Supplementary Results
In the main paper, we focus on the effects of normative vs. hedonistic choice within the dlPFC ROI defined by the conjunction of anDDM-correlated trial-by-trial activity across all three studies. However, in addition to this dlPFC ROI, we identified two other regions, in the dorsal anterior cingulate cortex (dACC, see Figure S3) and left inferior frontal gyrus (IFG)/anterior insula (IFG/aIns, see Figure S4) whose activity correlated with the anDDM across all three studies (P < .001, whole brain corrected within each study). Here, we report analogous results on measures of BOLD response in these regions during normative vs. hedonistic choice, for the sake of completeness. These results suggest that our results are a general principle of areas correlating with anDDM response.

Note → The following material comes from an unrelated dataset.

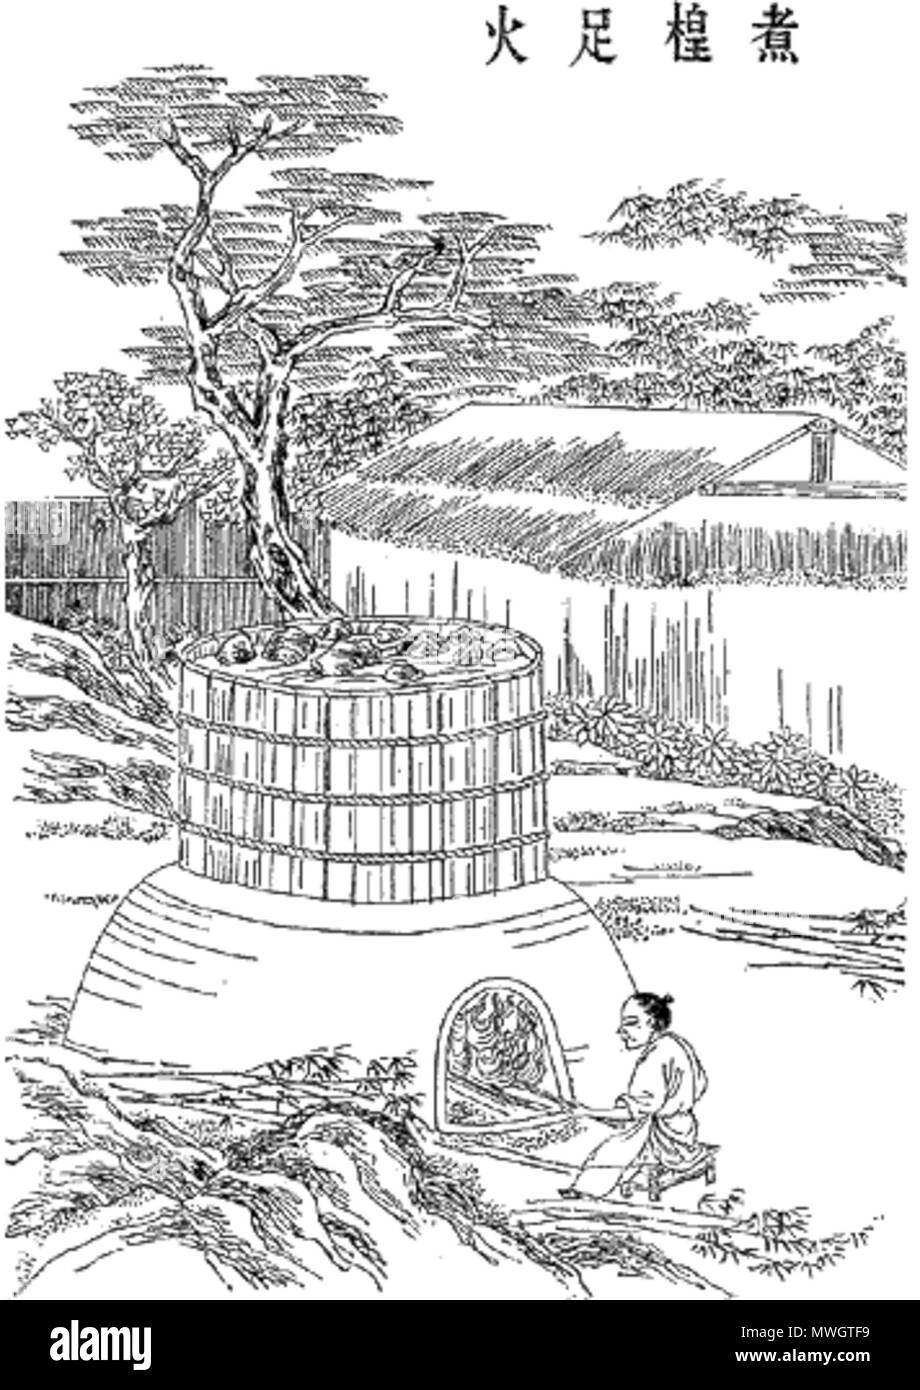 . An image of a Ming dynasty woodcut describing five major steps in ancient Chinese papermaking process as outlined by Cai Lun in 105 AD . This file is lacking author information. 389 Making Paper 2 Stock Photo

dACC response during normative vs. hedonistic choices in Studies 1, 2, and 3
We began by examining whether activity in the dACC correlated with the contrast of normative (generous) vs. hedonistic (selfish) choices in Study 1. As expected, and similar to the dlPFC, this region showed a significantly greater response during generous compared to selfish choices (paired t43 = 3.4825, P = .001, Figure S3d). Similarly, in Study 2, we observed a significant effect of normative goals on the difference in response between normative and hedonistic choices (F2,96 = 13.67, P = 5.97 × 10-6). Follow-up t-tests confirmed that this was driven by a stronger response in the dACC to normative (generous) choices in Natural trials (paired-t43 = 3.53, P = .0009) as well as significantly stronger response to hedonistic choices (paired-t43 = 2.41, P = .02) during Partner-focused trials. Finally, we replicated a similar pattern of effects in Study 3, showing a significant influence of normative (i.e., health-focused) goals on the contrast of normative vs. hedonistic choices (F2,96 = 3.64, P = .03), which was driven by a stronger response on normative (healthy) choices in the Natural and Taste conditions, and a marginally stronger response on hedonistic (i.e., unhealthy) choices during Health Focus trials (paired-t43 = 1.96, P = .058).
IFG/aIns response during normative vs. hedonistic choices in Studies 1, 2, and 3
As expected if IFG/aIns response correlates with the anDDM, we observed similar patterns of responding on normative vs. hedonistic choices across all three studies within this region.
IFG/aIns showed a significantly greater response during generous compared to selfish choices (paired t43 = 3.22, P = .002, Figure S4d). Similarly, in Study 2, we observed a significant effect of normative goals on the difference in response between normative and hedonistic choices (F2,96 = 17..66, P = 2.93 × 10-7, Figure S4e). Follow-up t-tests confirmed that this was driven by a stronger response in the dACC to normative (generous) choices in Natural trials (paired-t43 = 5.06, P = 6.57× 10-6) as well as significantly stronger response to hedonistic (i.e., selfish) choices (paired-t32 = 2.66, P = .01) during Partner-focused trials. Finally, we replicated a similar though non-significant pattern of the effects of normative goals in Study 3 (F2,96 = .75, P = .39, Figure S4f). However, planned post-hoc comparisons confirmed that activation in the left IFG/aIns was stronger on normative (healthy) choices in the Natural condition (paired-t43 = 2.65, P = .01), while activation for this same condition was non-significantly reversed on Health Focus trials (P = .66). The direct comparison of normative vs. hedonistic choices during Natural vs. Health Focus was also significant (paired-t34 = 2.18, P = .04).
Supplementary Figures
Acknowledgments
These studies were made possibly by grants from the Gordon and Betty Moore Foundation, the Lipper Foundation, and a National Institute of Mental Health Silvio O. Conte award (NIMH Conte Center 2P50 MH094258). The scientific results and conclusions reflect the authors’ opinions and not the views of the granting entities. We gratefully acknowledge Antonio Rangel for comments on earlier versions of this manuscript.